TASK INSTRUCTIONS:
Restate, exactly as written, the entries below from the line that holds "Tranvía de Estrasburgo en HommedeFer" through the line that holds "Kepler's 8 small habitable zone planets". Pictures are not part of the copy.

(EXTRACTED INFORMATION)

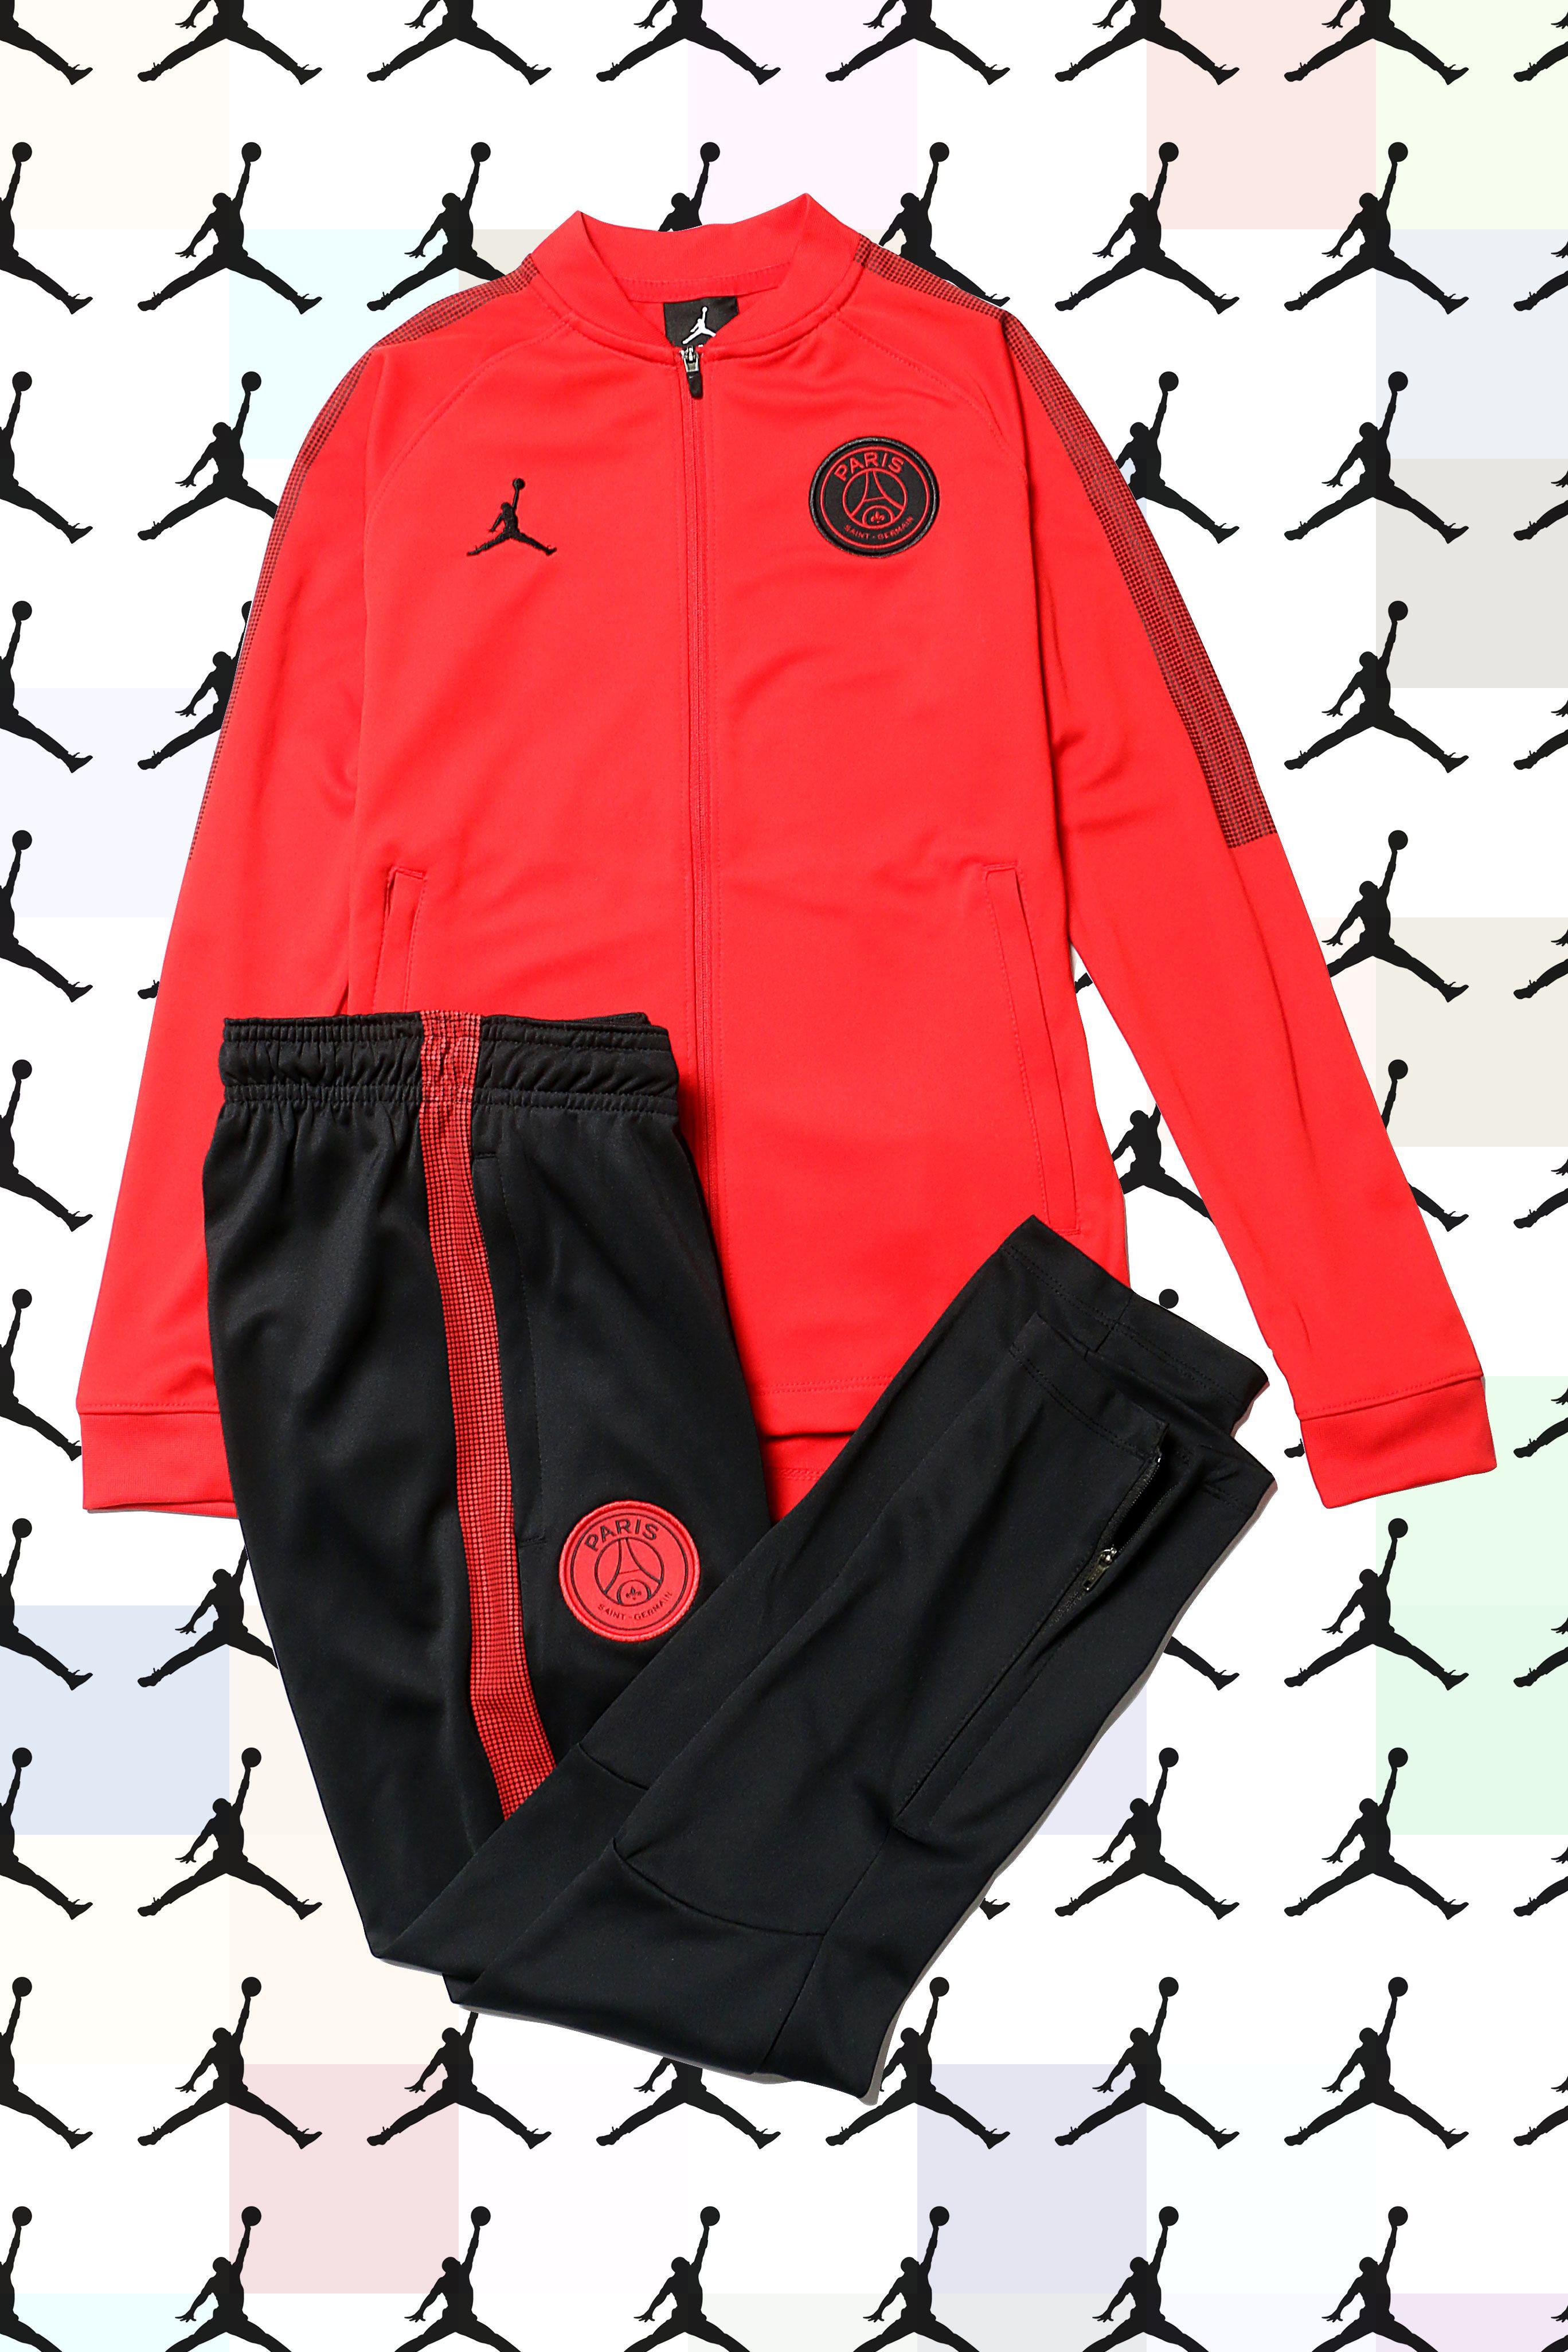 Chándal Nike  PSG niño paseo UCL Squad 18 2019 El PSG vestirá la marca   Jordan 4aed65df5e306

(End EXTRACTED INFORMATION)
(EXTRACTED INFORMATION)

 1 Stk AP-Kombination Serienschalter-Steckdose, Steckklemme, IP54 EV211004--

(End EXTRACTED INFORMATION)
(EXTRACTED INFORMATION)

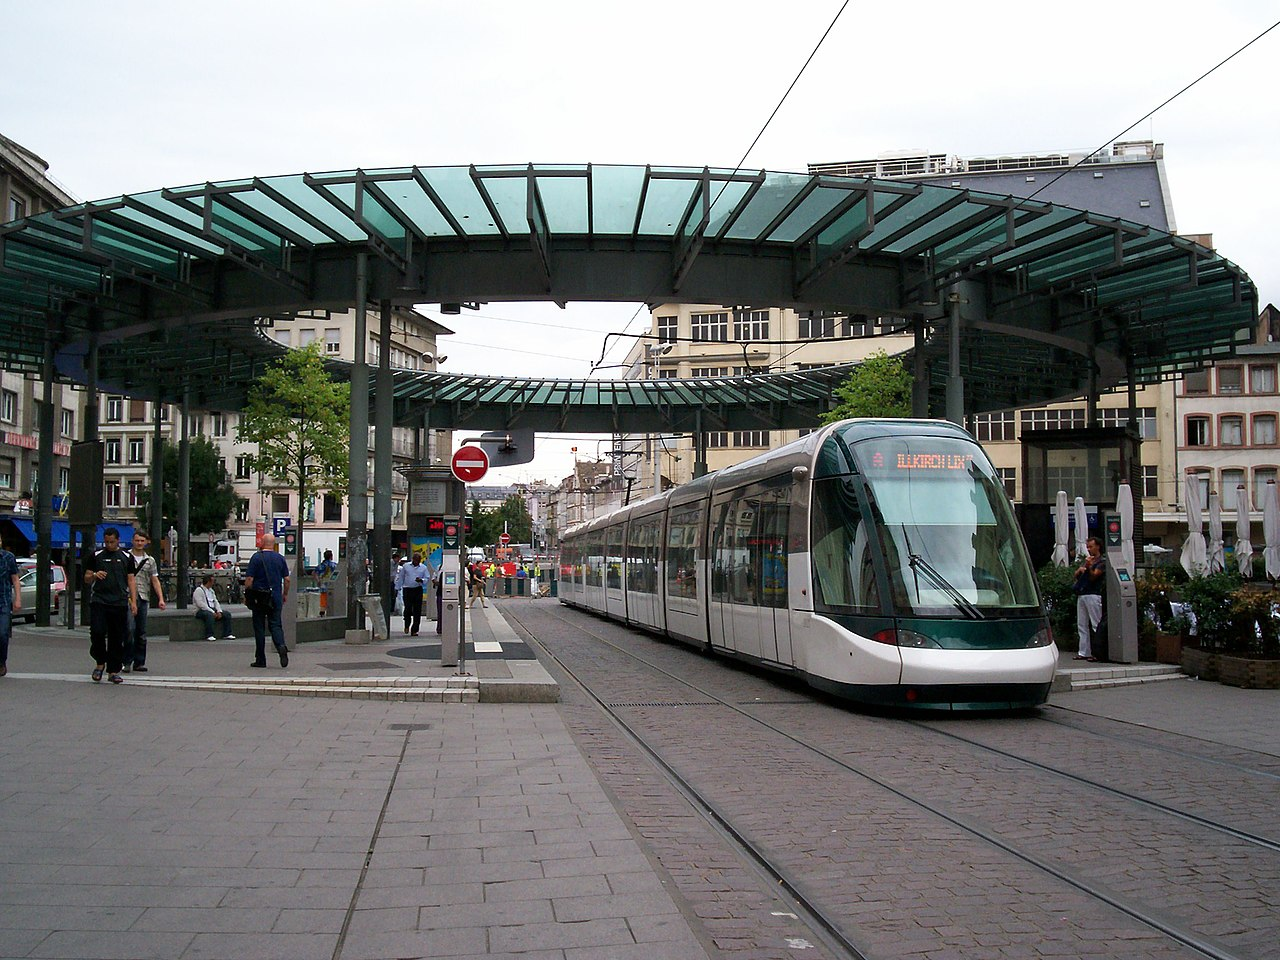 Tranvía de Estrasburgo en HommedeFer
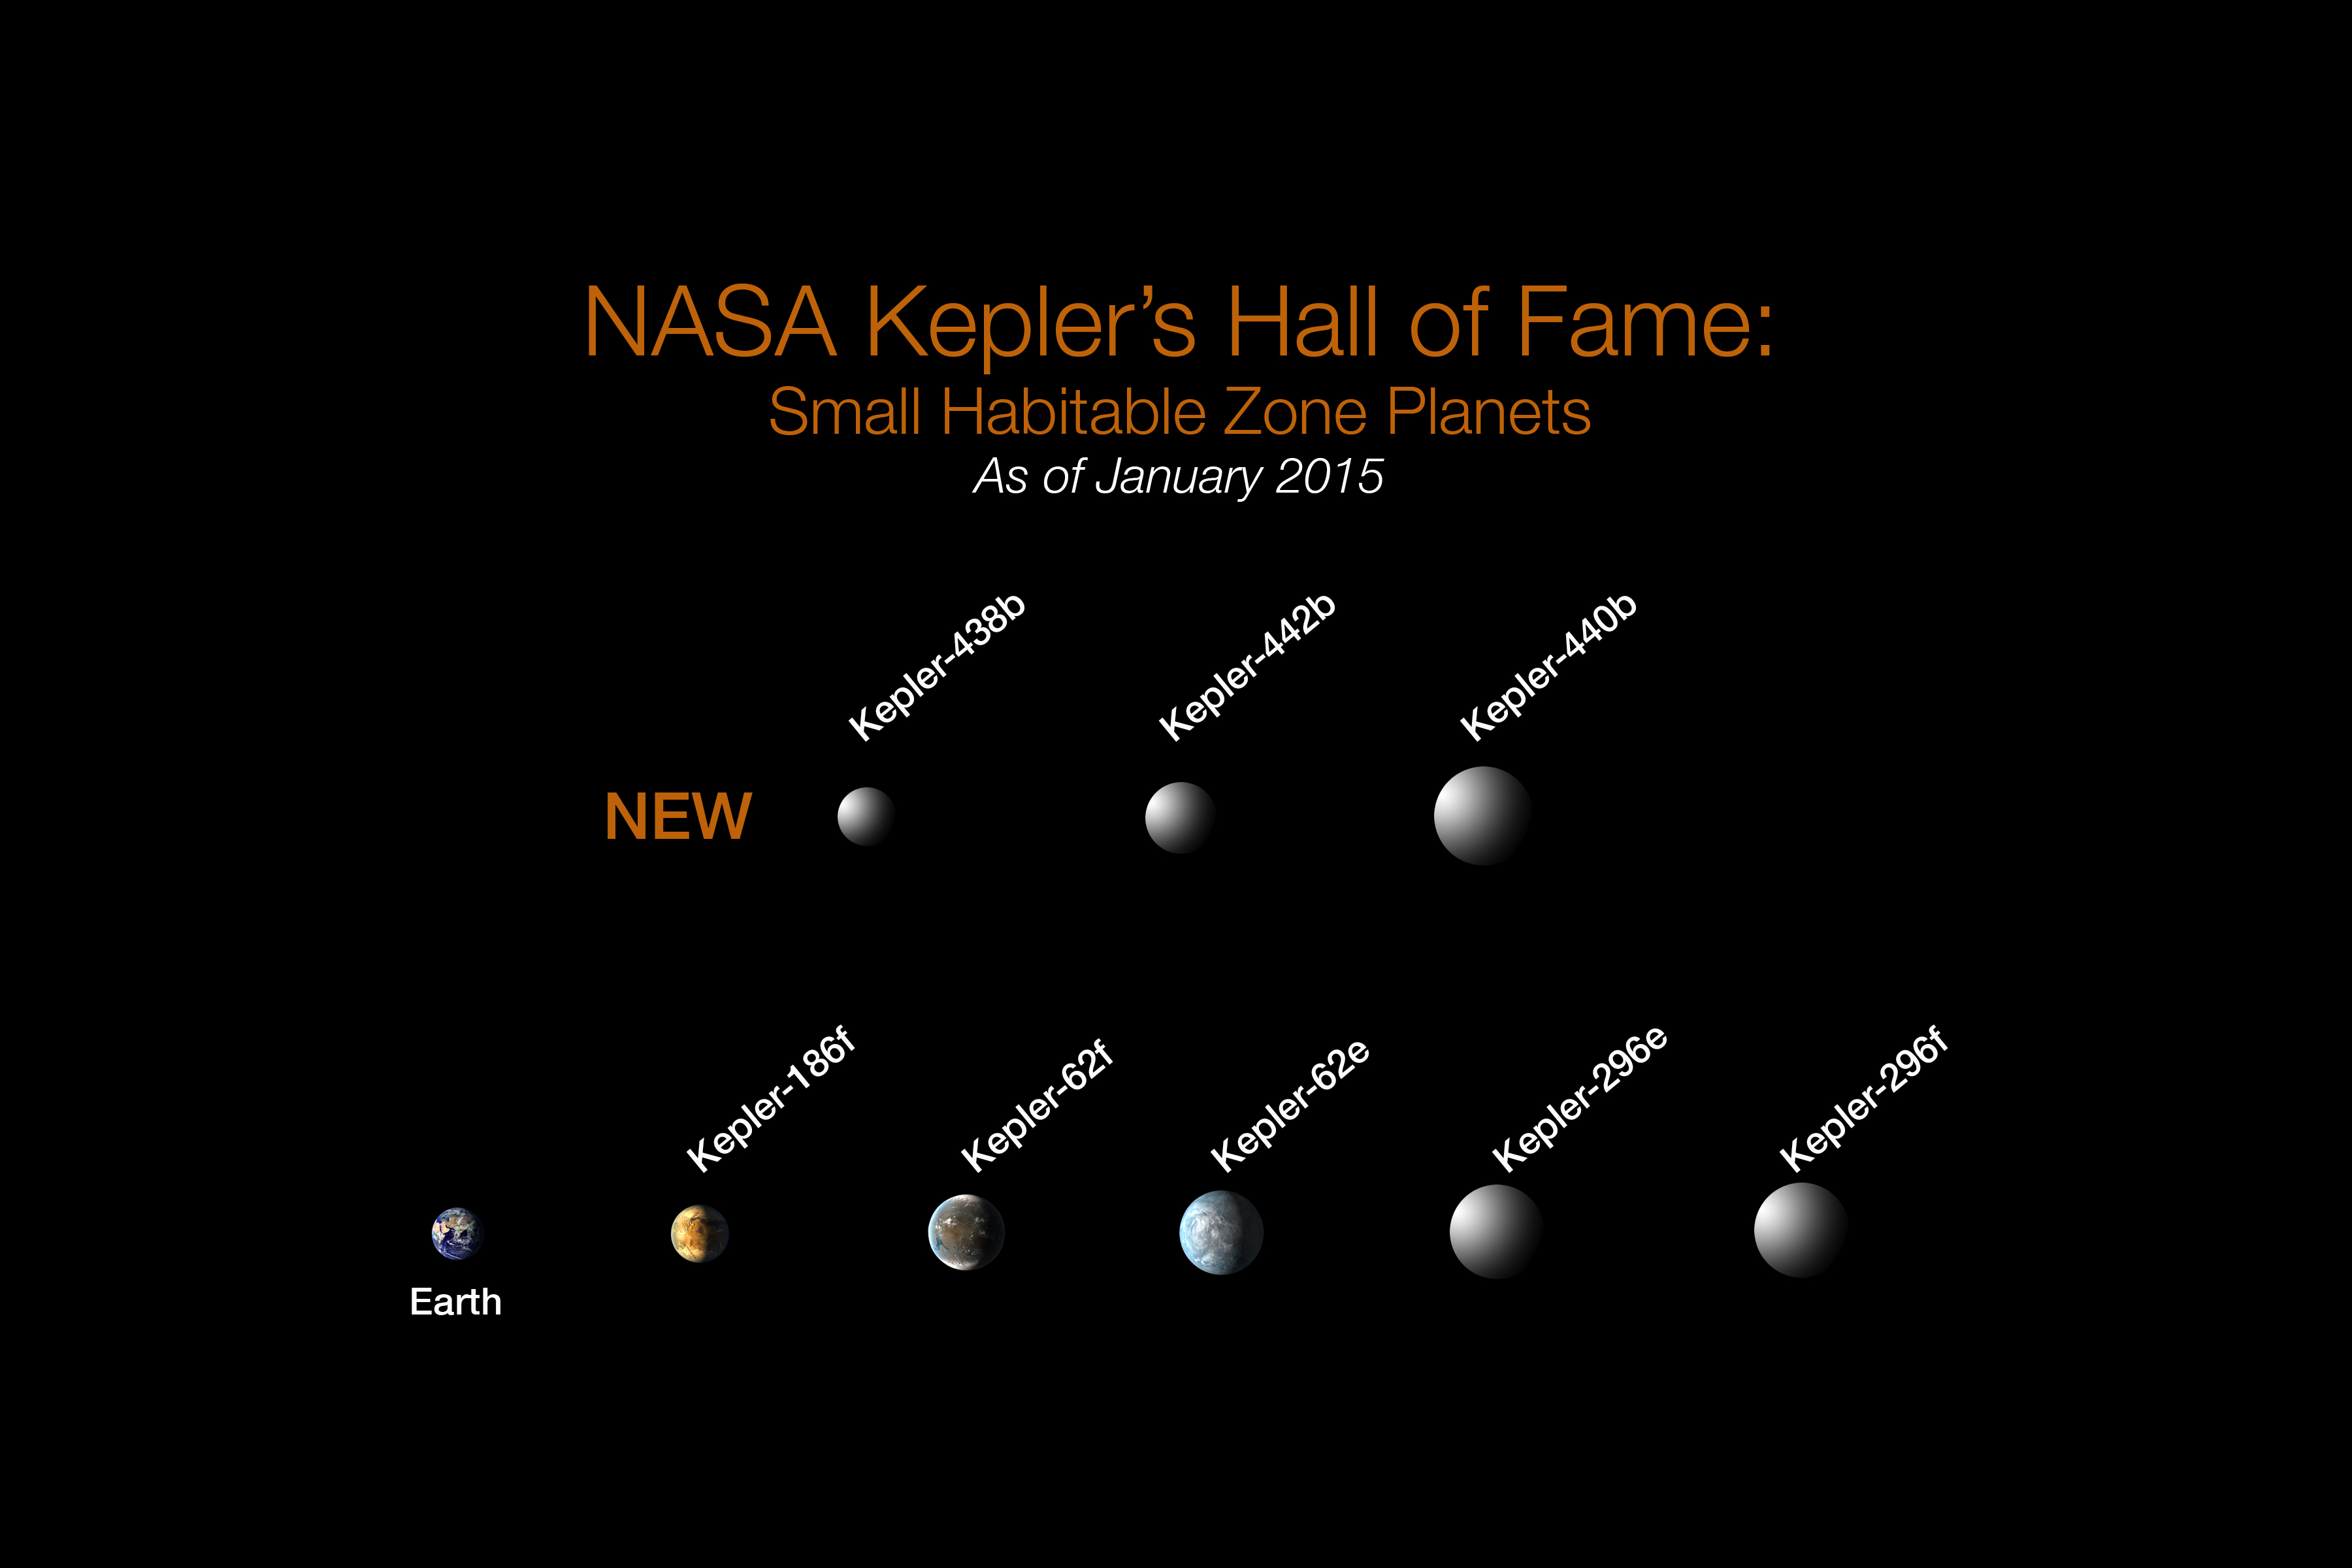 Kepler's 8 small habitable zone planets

(End EXTRACTED INFORMATION)

COMPLETED TASK:
 Tranvía de Estrasburgo en HommedeFer
 Kepler's 8 small habitable zone planets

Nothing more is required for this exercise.